Contemporary practices are still limited in the extent to which they incorporate different sources of uncertainty into model projections. Uncertainty arises from multiple sources: from uncertainty in the data used to initialize, parameterize, and evaluate models; from uncertainty in how adequately models represent reality; from differences in our scientific understanding of processes and how to represent them in models; from uncertainty in whether the model has been implemented correctly; and from uncertainty arising from simulated random events occurring in real-world processes (Stainforth et al. 2007a; Masson and Knutti 2011; Slingo and Palmer 2011). Yet Earth system models are currently so computationally demanding that only between 3 and 10 simulations per scenario were recommended for decadal forecasts and hindcasts to inform the Fifth Assessment Report of the Intergovernmental Panel on Climate Change (Meehl and Bony 2011). This is a very low number of replicates to characterize a distribution in something so dynamically rich as global climate. For example, Deser et al. (2012; see Daron and Stainforth 2013 for another example) estimated how many simulations were needed to detect anthropogenic changes in air temperature, precipitation, and sea level pressure predicted by a general circulation model with its between-run variations arising only from simulated random atmospheric and oceanic processes. They found that <10 simulations were insufficient to detect changes in precipitation and sea level pressure for most regions of Earth, even over multidecadal time windows, with only changes in surface air temperature being reliably detected for most regions of Earth with such few replicates. Yet this is just for one model, not even a full Earth system model, under one scenario, using one major source of variation (internal variability), and for a few global properties.

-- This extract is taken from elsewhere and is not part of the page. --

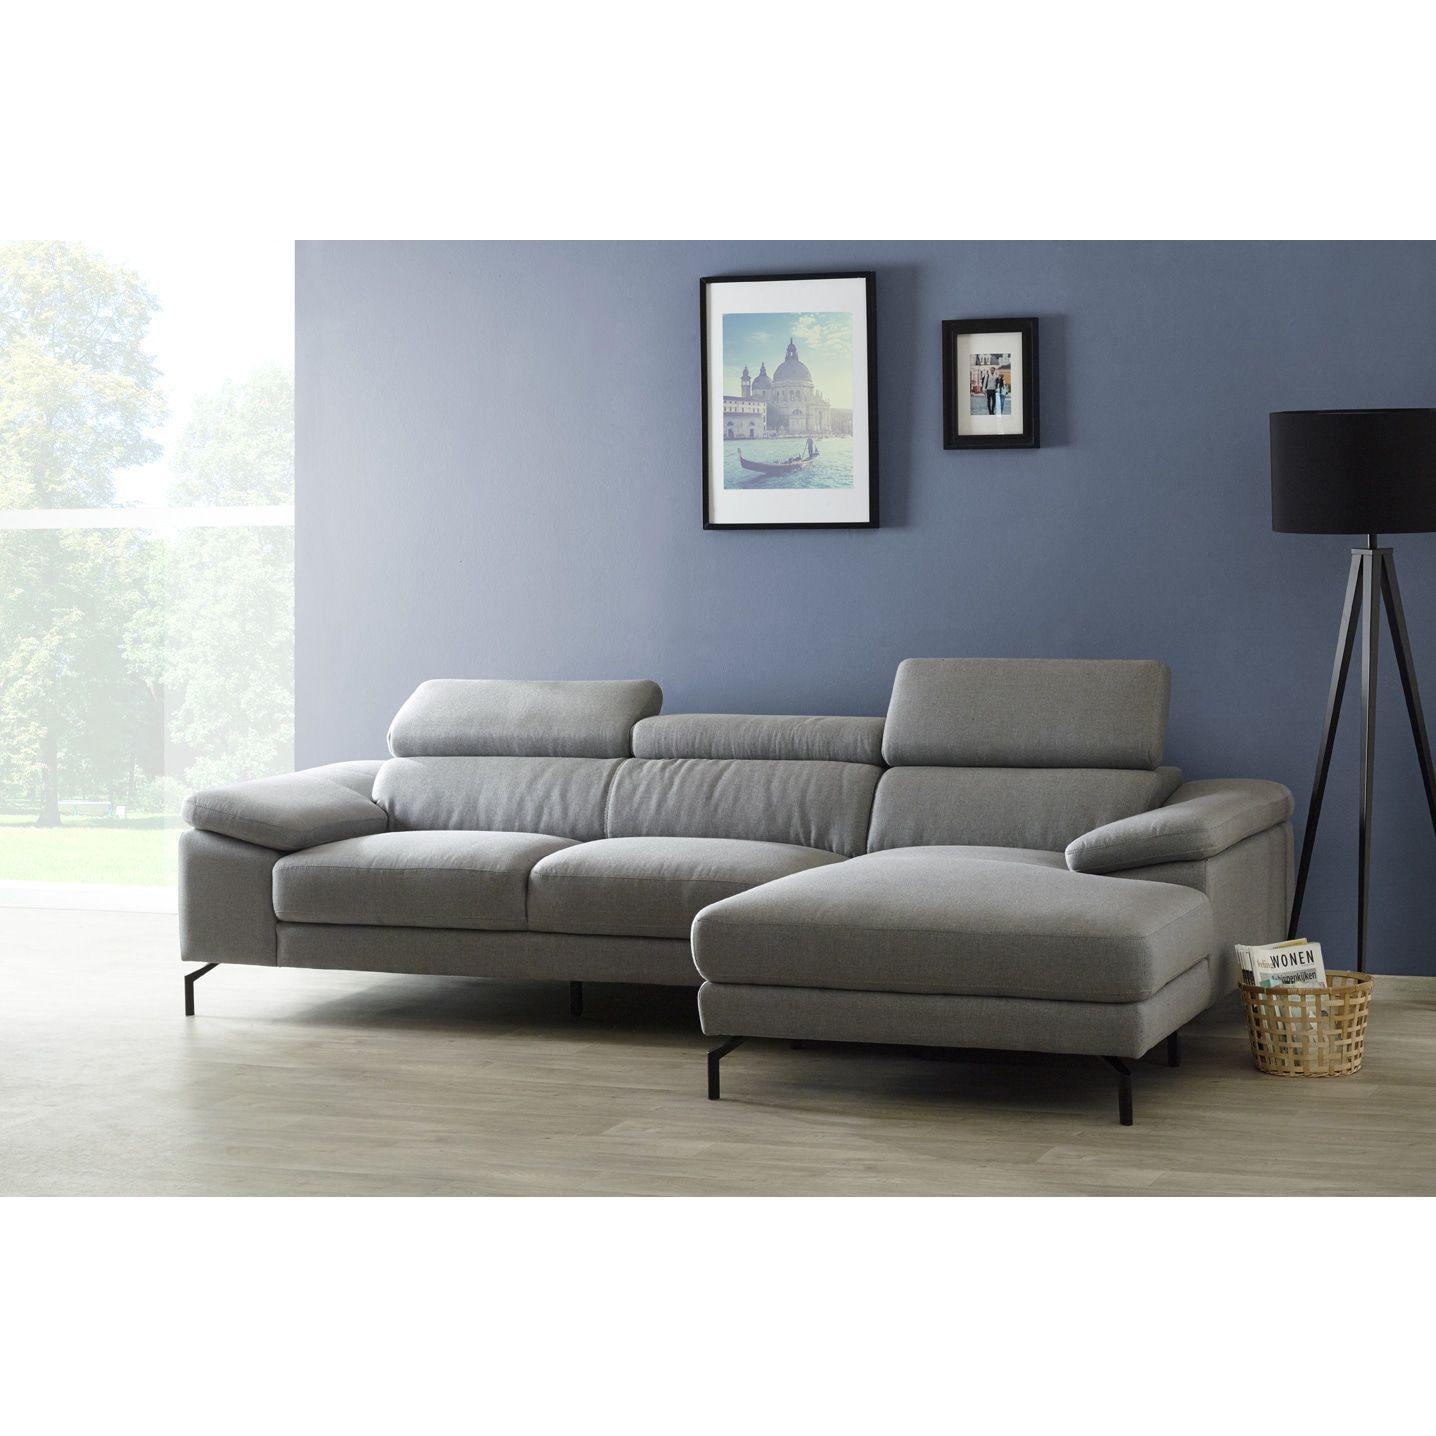 Salon Canapé d angle réversible design en tissu coloris

Awareness of the need to understand the degree of replication required to capture internal variability is increasing and it is notable that some modeling groups conducted many more than 10 simulations per scenario for their phase 5 of the Coupled Model Intercomparison Project (CMIP5) simulations (Stainforth et al. 2005; World Climate Research Programme 2013).
There have been significant efforts to incorporate parameter uncertainty into general circulation model projections to assess how it influences uncertainty (e.g., Murphy et al. 2004; Stainforth et al. 2005; Collins et al. 2006; Knight et al. 2007; Piani et al. 2007; Murphy et al. 2009; Fischer et al. 2011; Sanderson 2011; Rowlands et al. 2012; Sexton et al. 2012; Sexton and Murphy 2012). However, these have predominantly not been extended to other components of the Earth system (e.g., biological components), to full Earth system models, or to the functional forms assumed to represent particular Earth system processes (structural uncertainty; Slingo and Palmer 2011; Maslin and Austin 2012). Quantifying this additional uncertainty and reporting its consequences is being more commonly performed for components of Earth system models but it is yet unknown whether fully incorporating these, or the additional uncertainty of whether policy recommendations will be implemented when making future projections, will swamp any anticipated improvements in predictive precision from increasing the realism of existing components (Smith and Stern 2011; Palmer 2012).

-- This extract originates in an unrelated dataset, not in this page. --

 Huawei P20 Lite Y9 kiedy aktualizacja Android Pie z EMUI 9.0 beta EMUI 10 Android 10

It is also currently unknown how the partitioning of detail amongst model components influences the confidence that can be placed in predictions or projections (Smith 2002; Oreskes et al. 2010). For example, increasing the spatial resolution of a specific atmospheric physics model is justifiable in order to predict atmospheric dynamics more precisely (Shaffrey et al. 2009; Palmer 2012) but if its computational requirements restrict the inclusion of other details then the model may be less accurate than had an alternative atmospheric model formulation been adopted to allow other component processes to be represented more accurately. The adequacy of a model structure, including the level of detail, can be assessed by the degree to which predictions can recapture the known (and relevant) dynamics of interest, although such assessments are not in widespread use (Judd et al. 2008; Le Bauer et al. 2013; Smith et al. 2013).

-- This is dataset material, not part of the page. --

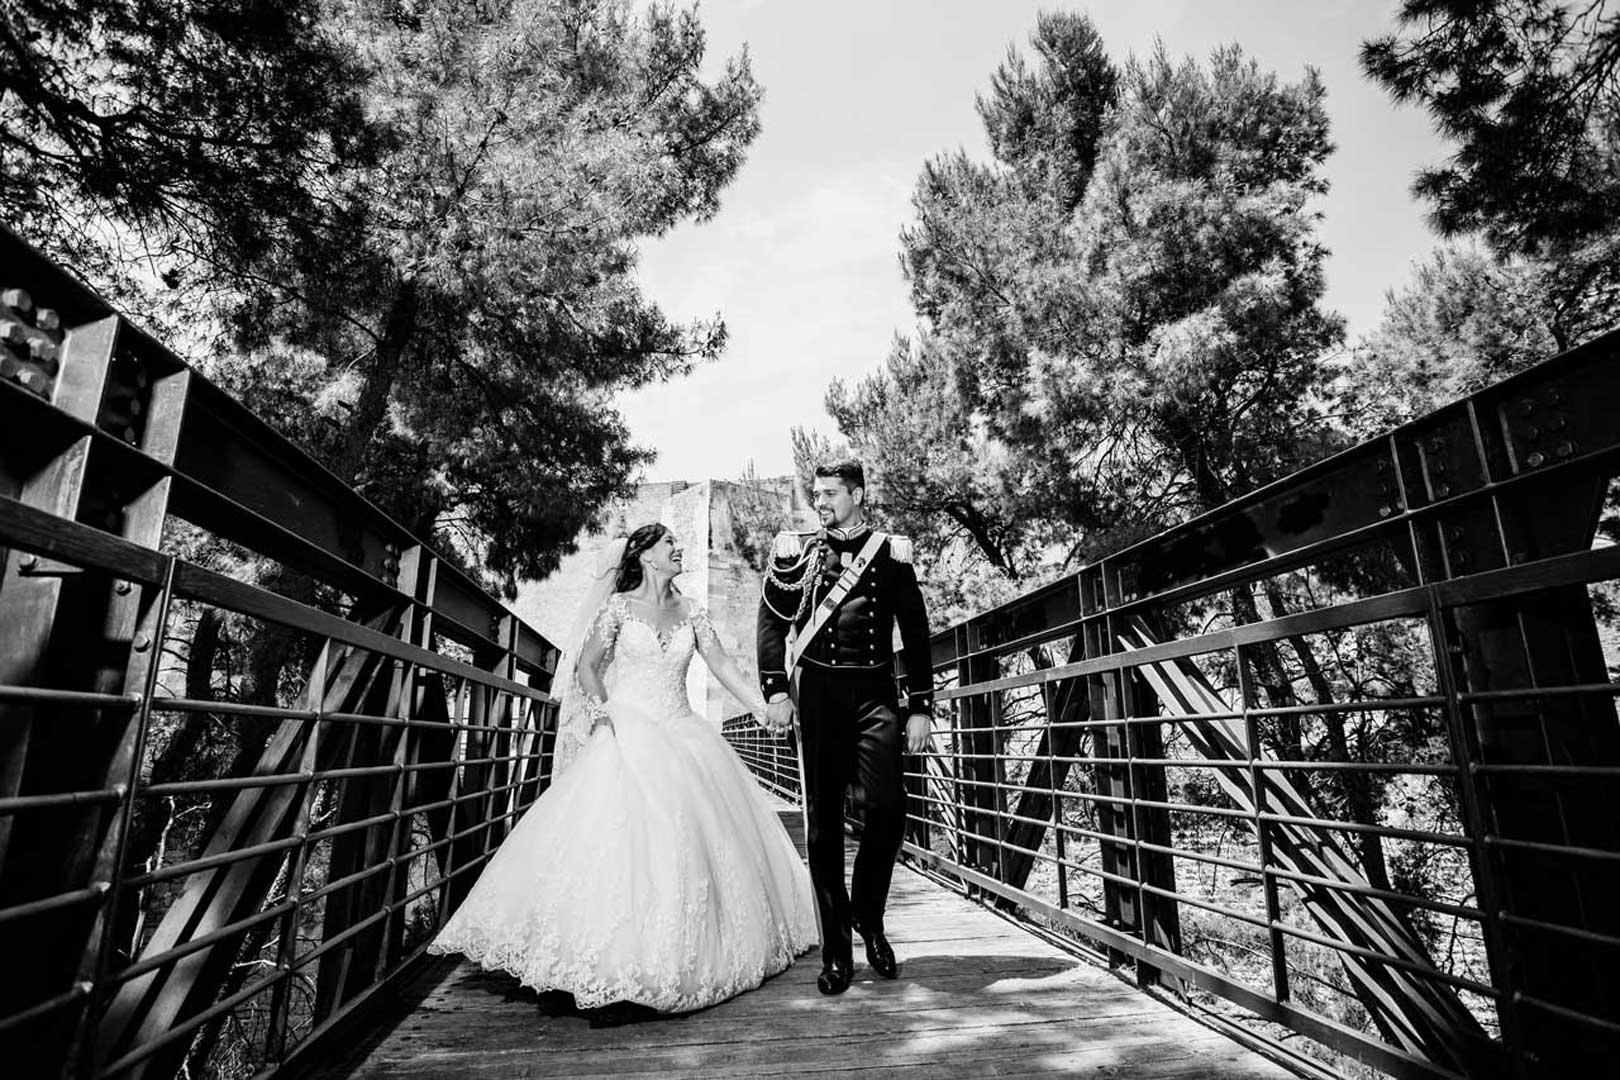 026-castello-lucera-gianni-lepore-wedding

It is also worth being aware that, fundamentally, more detailed models can make worse predictions than simpler models. This could occur, for example, if mechanisms or parameters are included as if they apply generally where they are in fact applicable to a much narrower range of circumstances. This is more likely to occur if models are tested against unchanging datasets because it raises the chances of a hypothetical mechanism being found that explains the variance in the specific dataset. This is known as overfitting, in which overly detailed models make worse predictions than simpler models through being overly tuned to the specifics of the calibration or training datasets (Bishop 2006; Crout et al. 2009; Masson and Knutti 2013).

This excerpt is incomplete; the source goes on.